▶ Given material:
════════════════

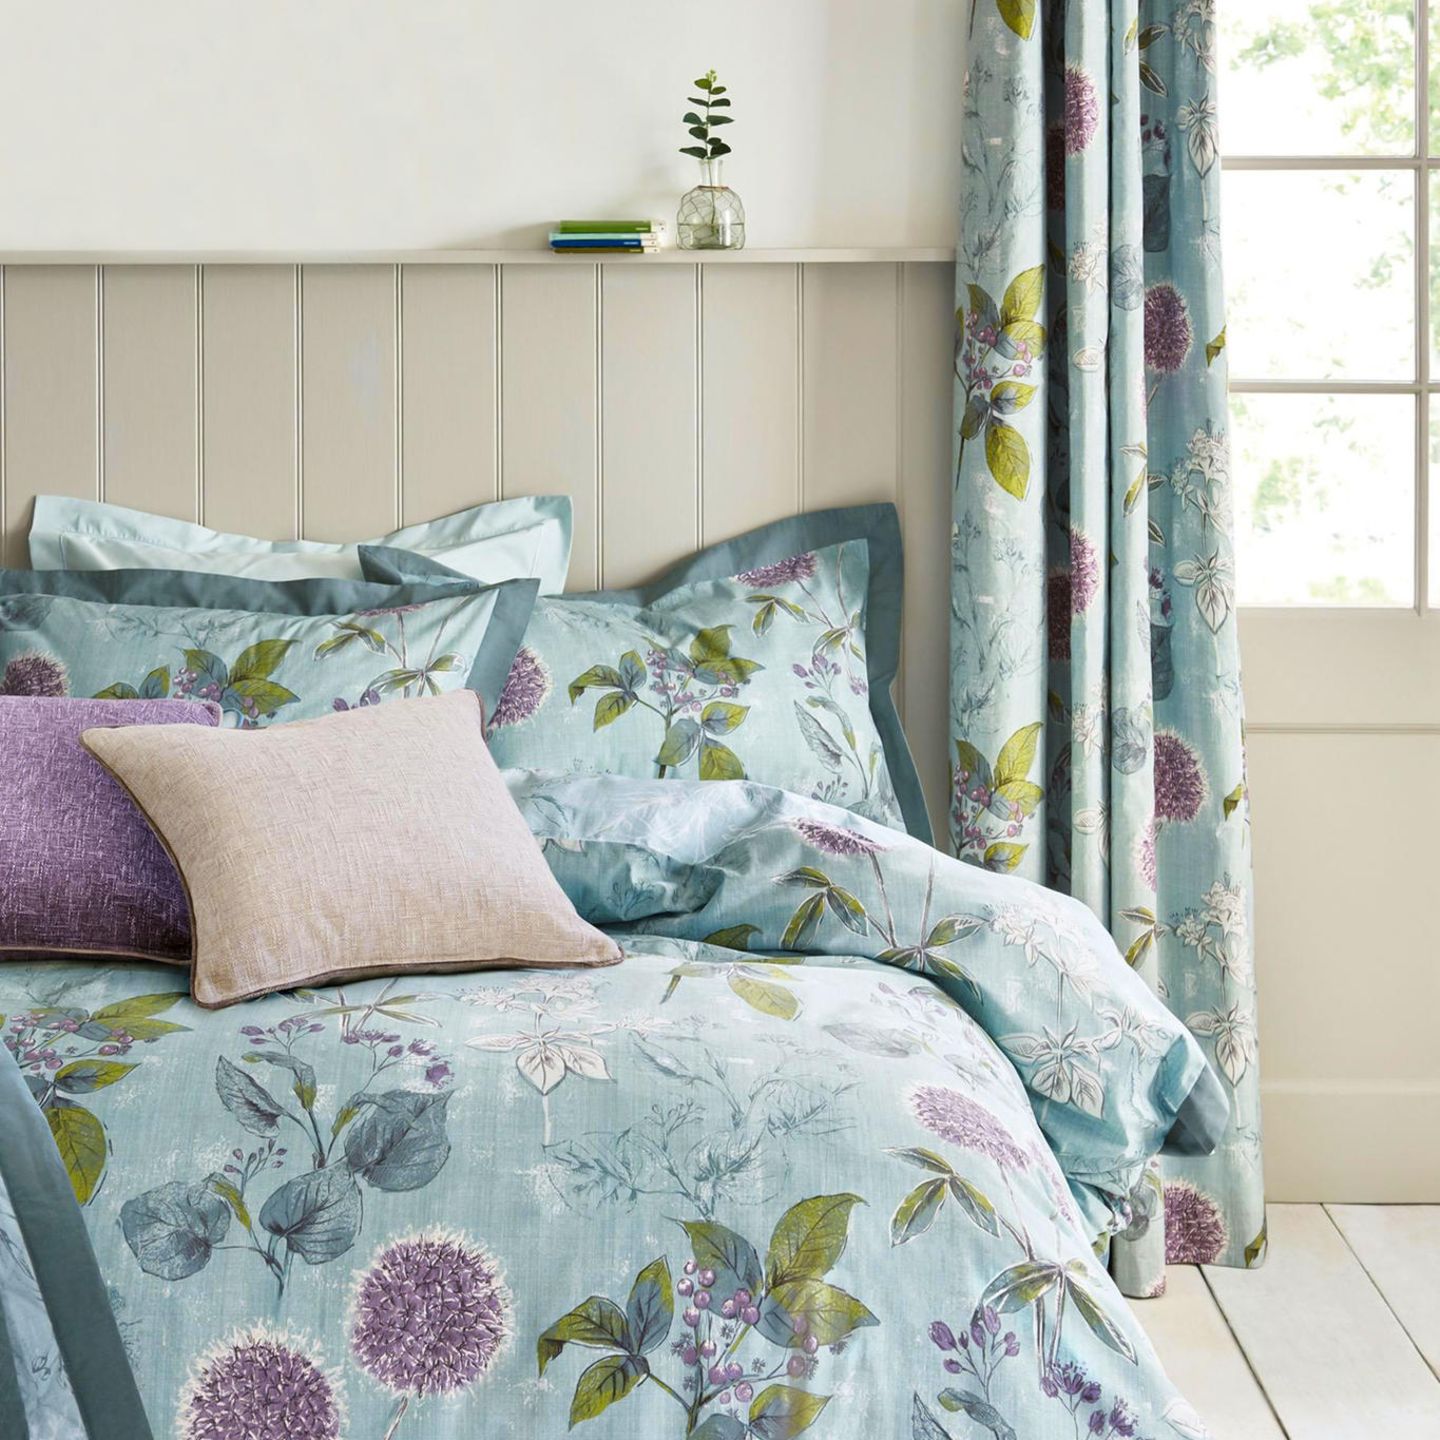 Gästezimmer einrichten: Bett im Landhausstil mit Blumendruck-Bettwäsche
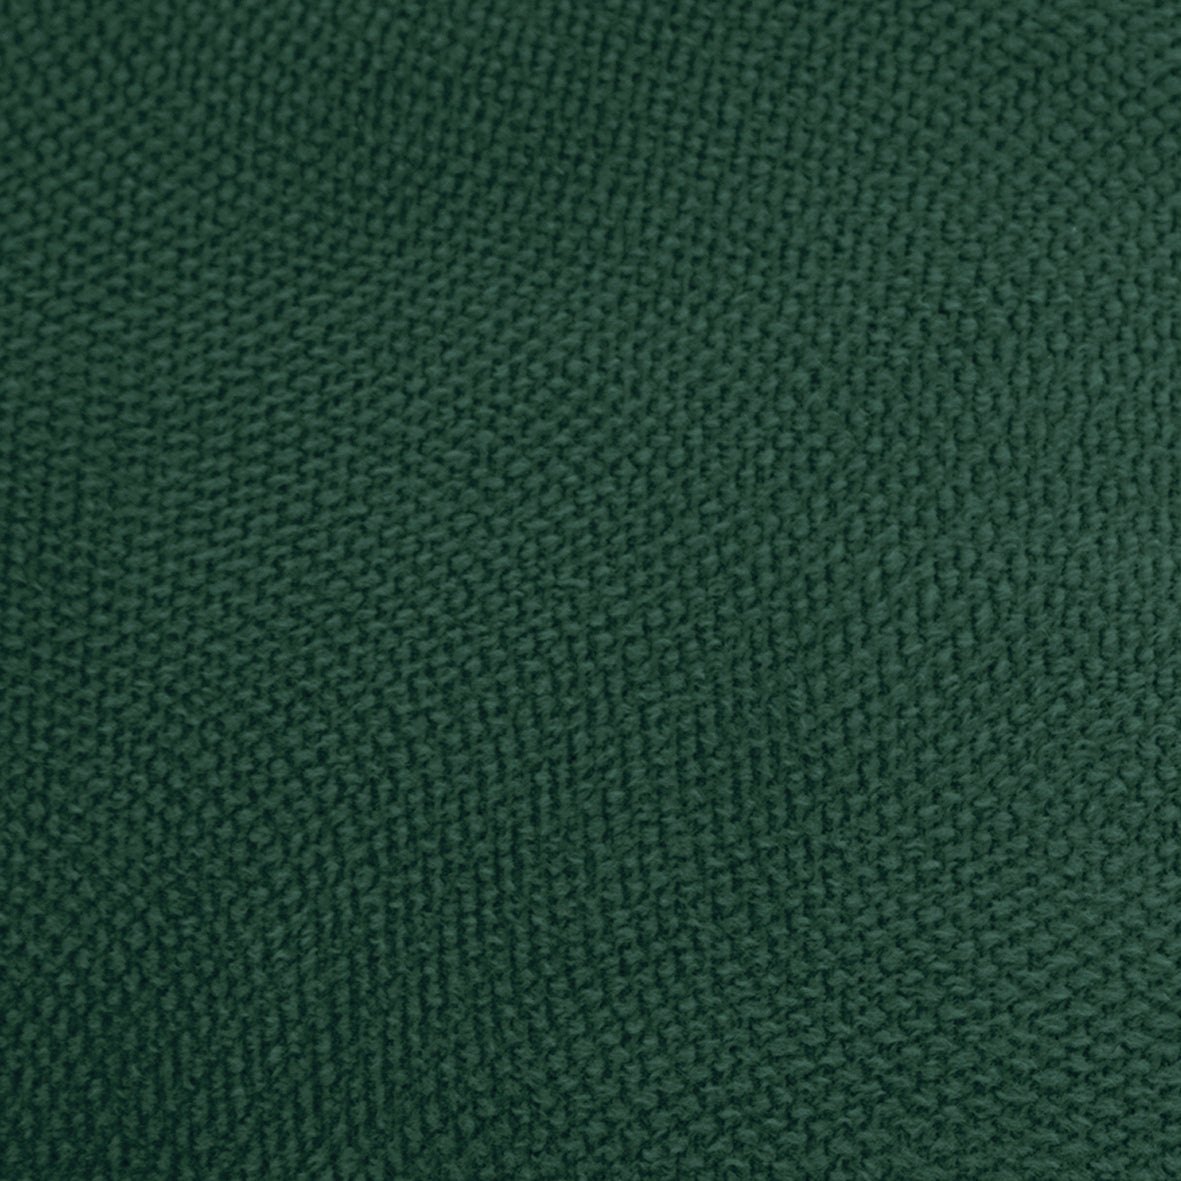 Cushion Green 50 x 12 x 30 cm
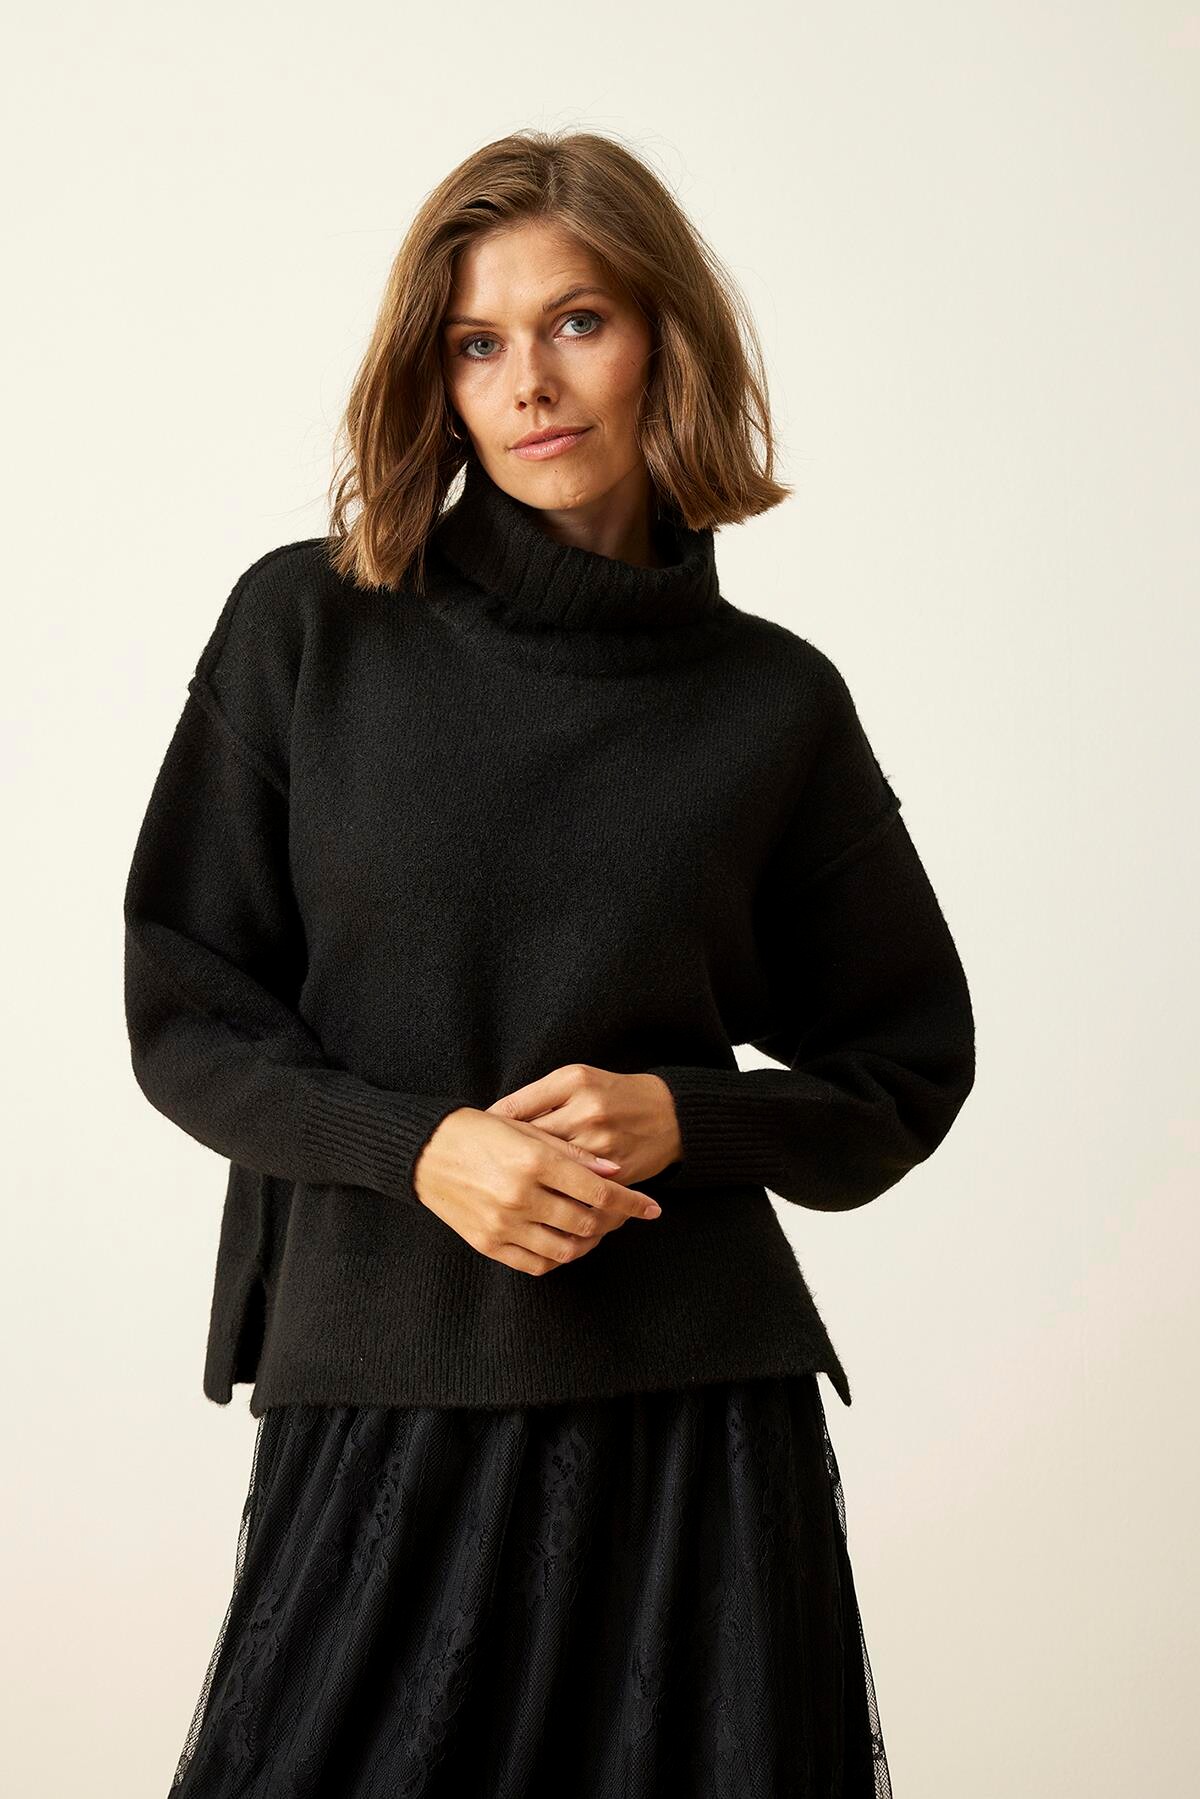 Se IN FRONT Loulou Sweater, Farve: Black, Størrelse: S, Dame hos Infront Women
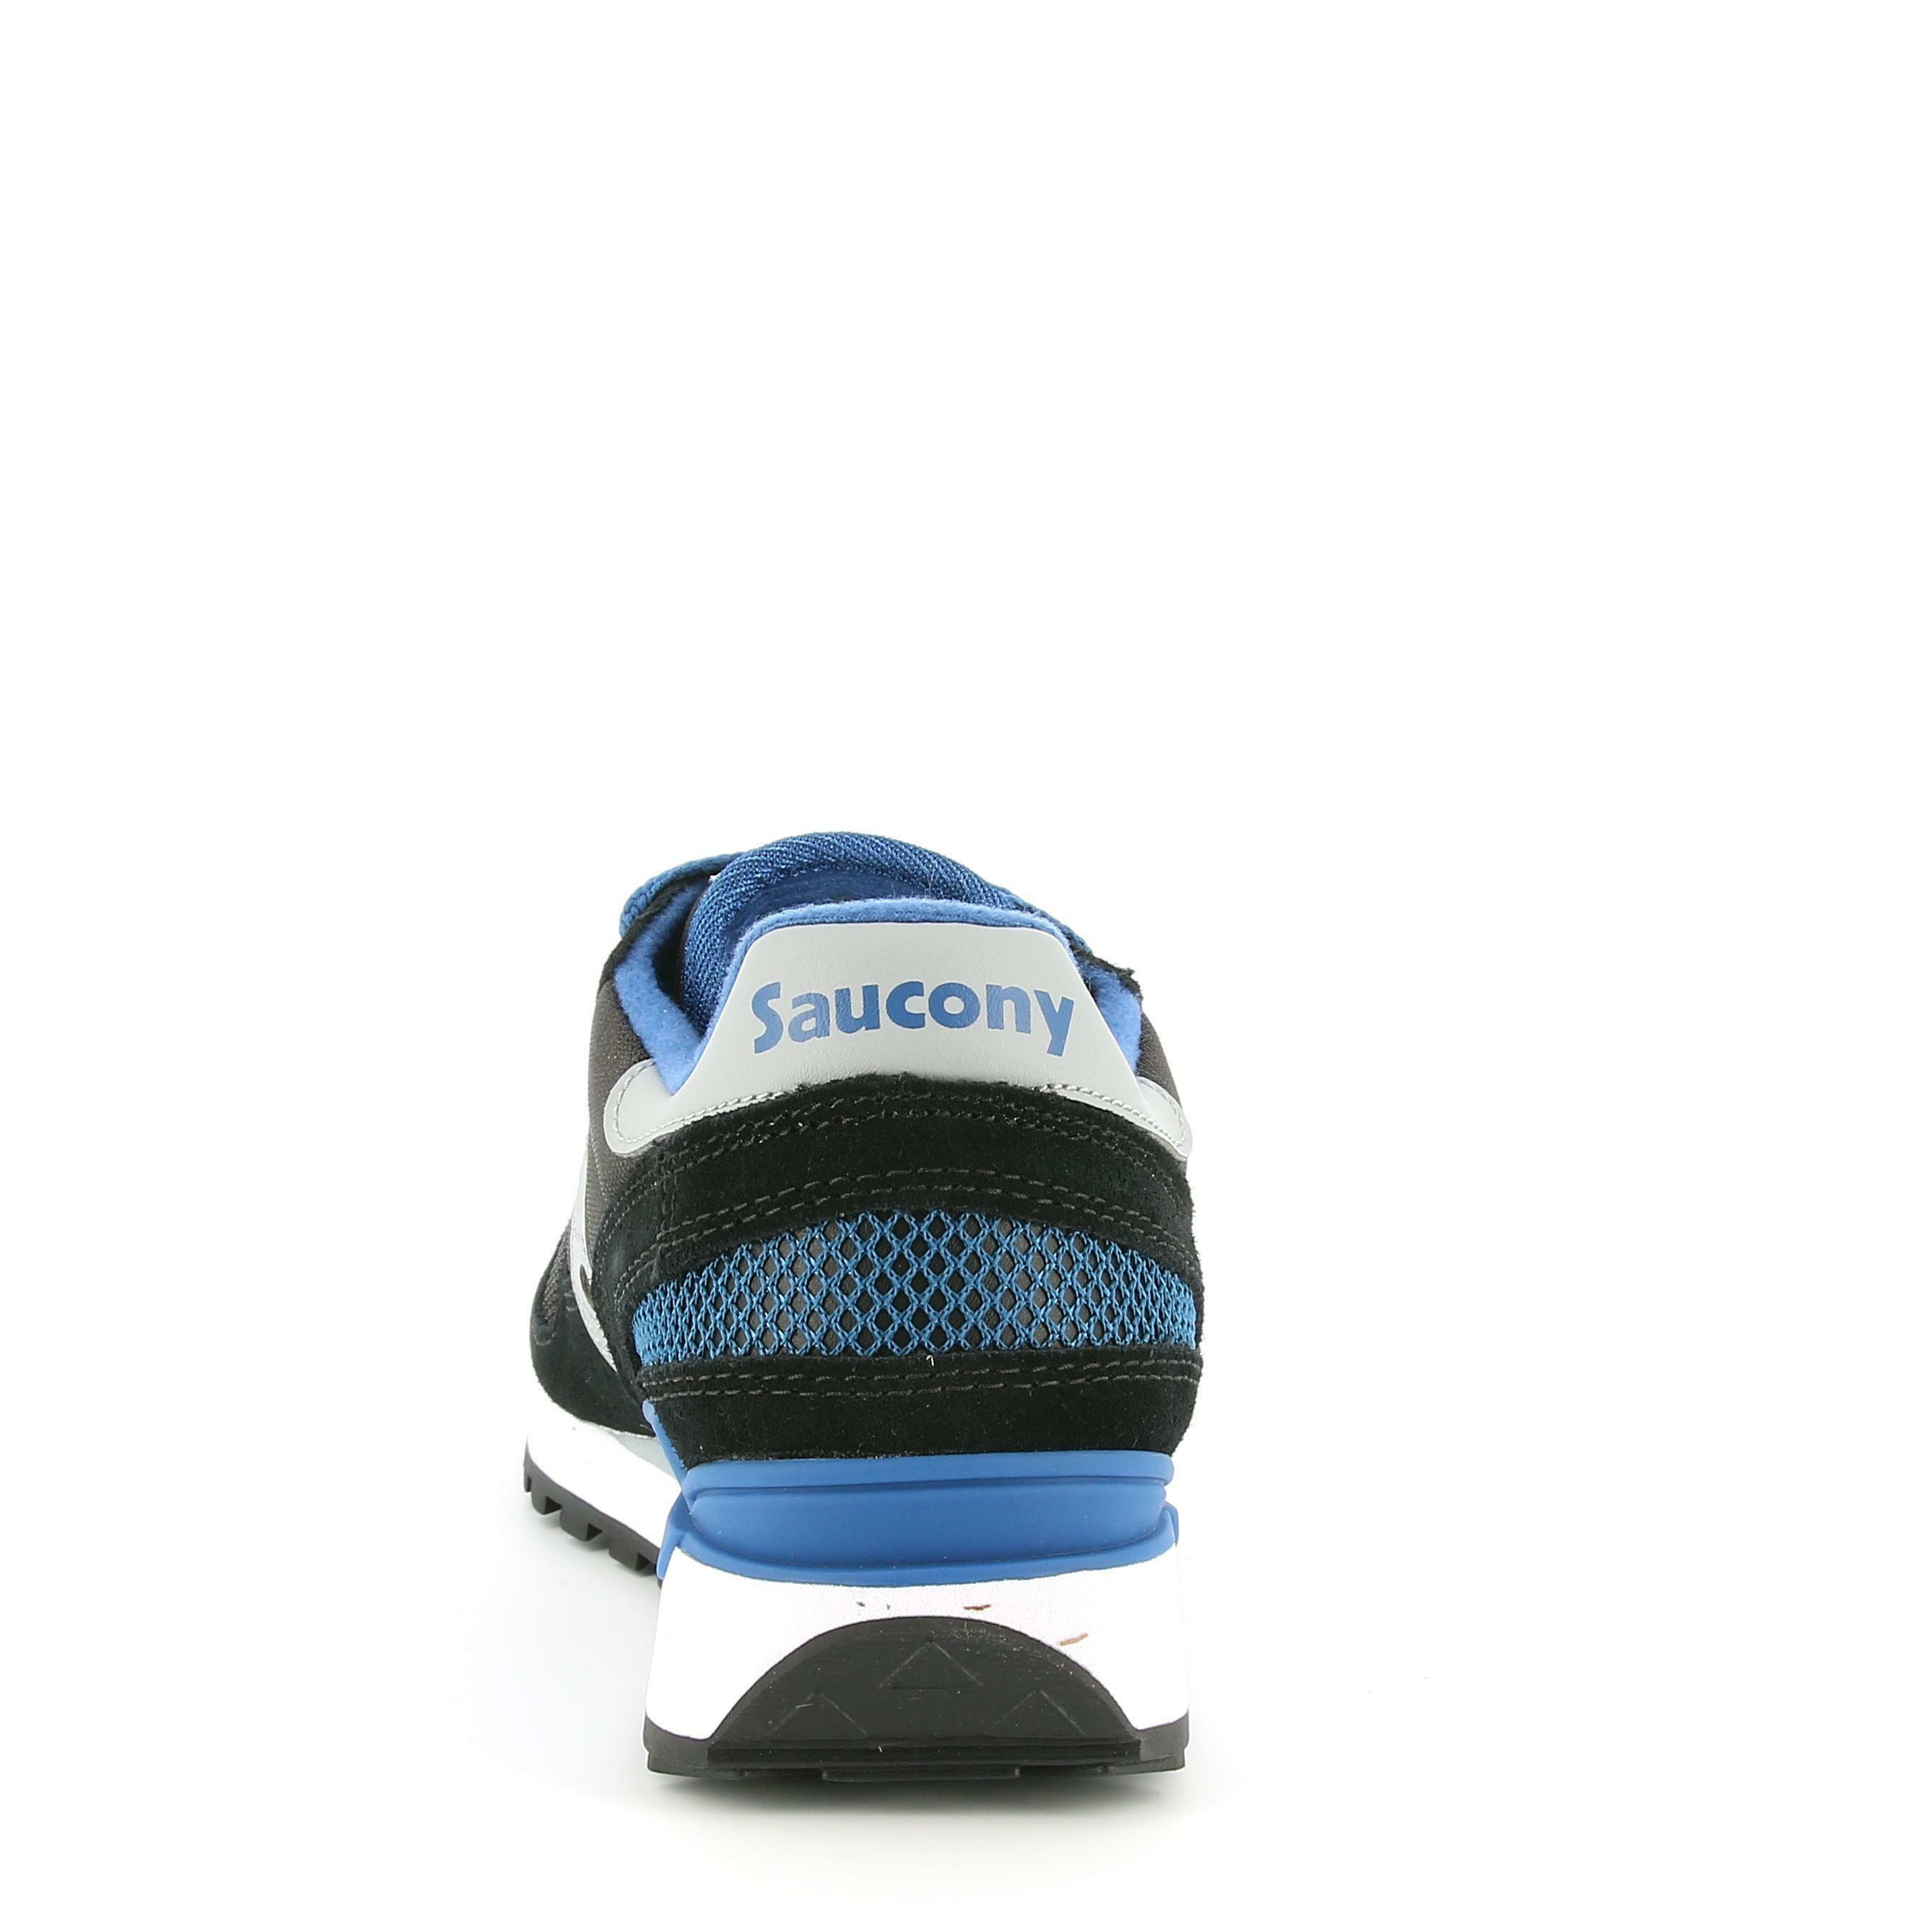 saucony sneaker saucony shadow original s2108-756. da uomo, colore nero/blu

════════════════

▶ Prompt: Every line of the listing should be copied precisely, with images omitted.

▶ Written reply:
 Gästezimmer einrichten: Bett im Landhausstil mit Blumendruck-Bettwäsche
 Cushion Green 50 x 12 x 30 cm
 Se IN FRONT Loulou Sweater, Farve: Black, Størrelse: S, Dame hos Infront Women
 saucony sneaker saucony shadow original s2108-756. da uomo, colore nero/blu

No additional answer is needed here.